Vous envisagez de devenir indépendant en Belgique ? Avant de sauter le pas, il y a une réalité financière à apprivoiser : en tant que salarié, votre employeur gère une grande partie de vos charges à votre place. En devenant indépendant, vous en devenez responsable. Bonne nouvelle : ce n’est pas si compliqué une fois que vous avez compris les fondamentaux.

Dans cet article, on décortique les 4 grandes catégories de charges que vous rencontrerez : les cotisations sociales, l’impôt des personnes physiques, la TVA et les frais professionnels. Objectif : que vous repartiez avec une vision claire, sans jargon inutile.


Sommaire

  1. Les cotisations sociales
  2. L’impôt des personnes physiques (IPP)
  3. La TVA
  4. Les frais professionnels
  5. En résumé : ce qu’il faut retenir

1. Les cotisations sociales

C’est quoi, exactement ?

Les cotisations sociales sont des contributions obligatoires qui financent votre protection sociale : assurance maladie, retraite, allocations familiales, invalidité, maternité/paternité… En tant qu’indépendant, vous cotisez pour vous-même, sans employeur pour prendre en charge une partie.

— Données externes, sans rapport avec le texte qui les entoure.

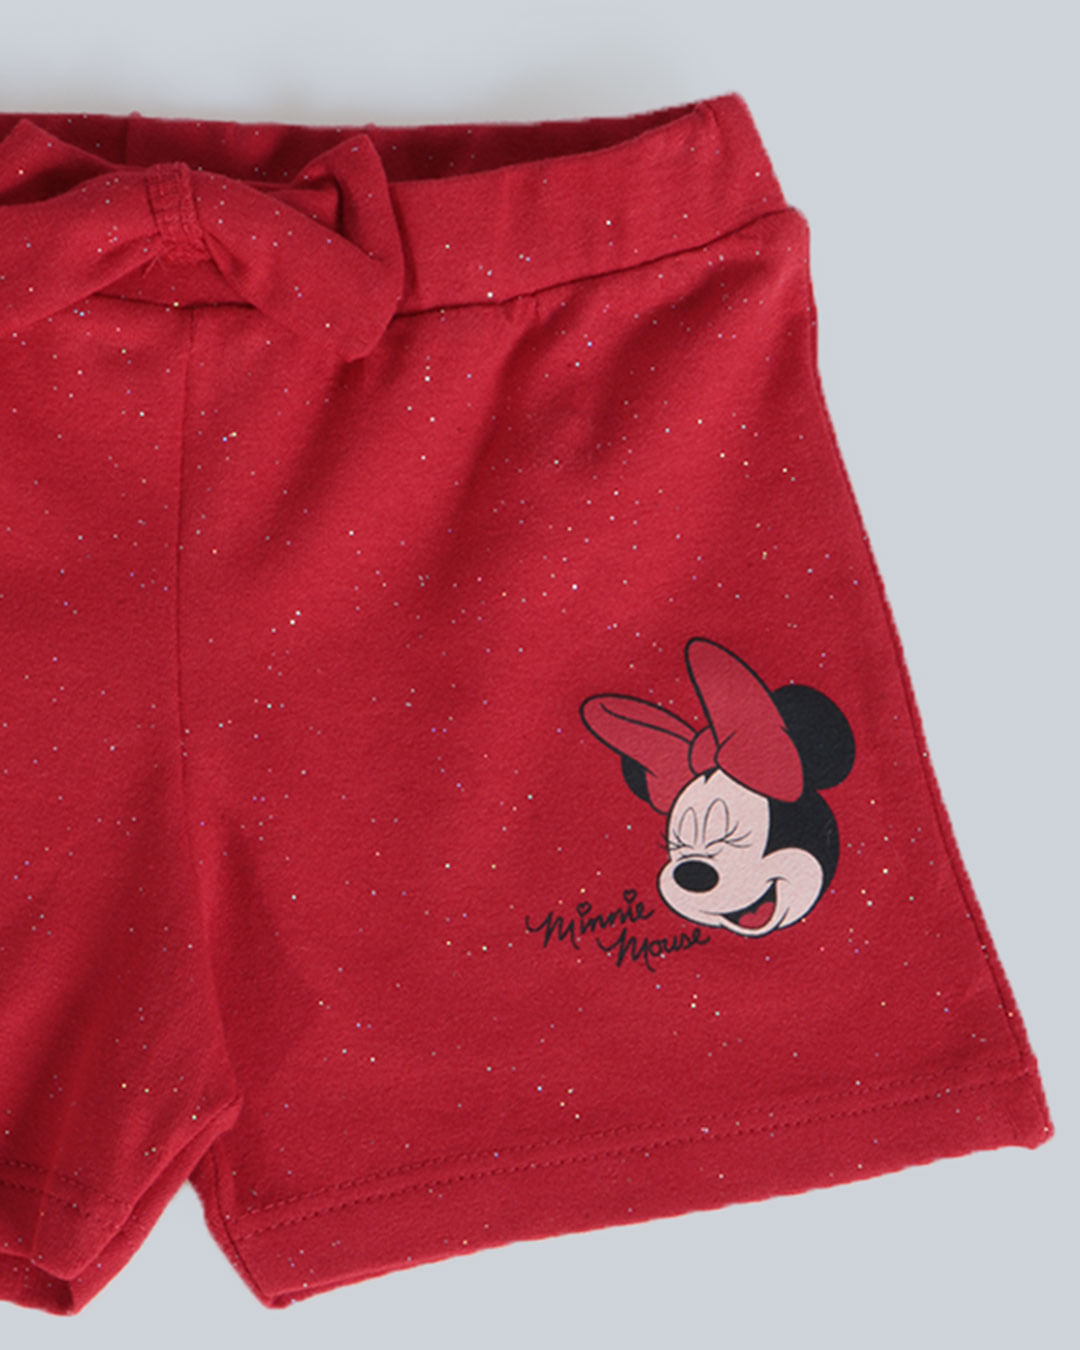 Short-Bebe-Lacinho-Estampa-Minnie-Mouse-Disney-Vermelho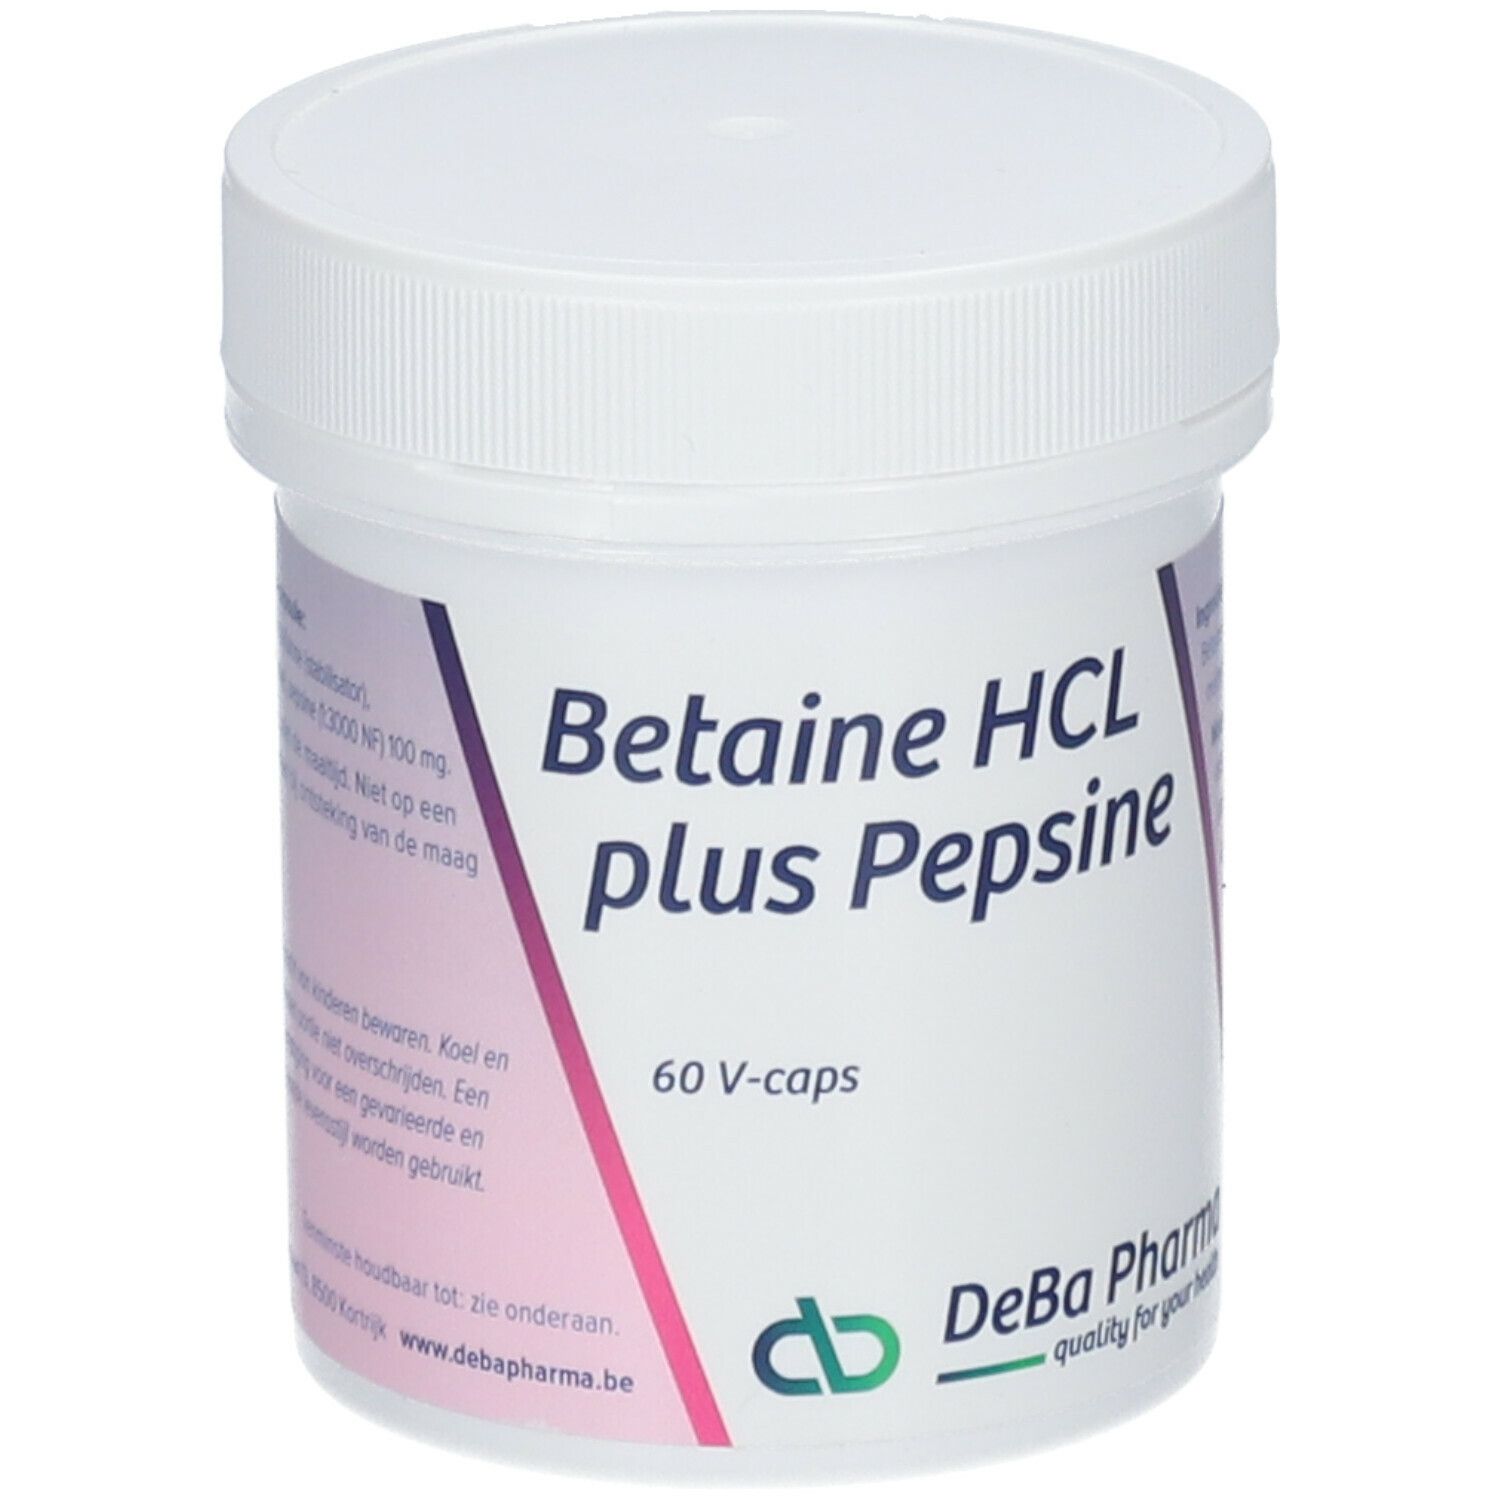 DeBa Pharma Betaine HCL

Qui les gère en Belgique ?

Vous vous affiliez obligatoirement à une caisse d’assurances sociales (Group S, Acerta, UCM, Liantis, Securex, Xerius…) qui collecte vos cotisations et les reverse à l’INASTI (Institut national d’assurances sociales pour travailleurs indépendants). Vous payez chaque trimestre, sur la base d’un avis d’échéance.

Combien ça représente ? (taux 2026, revenus 2025)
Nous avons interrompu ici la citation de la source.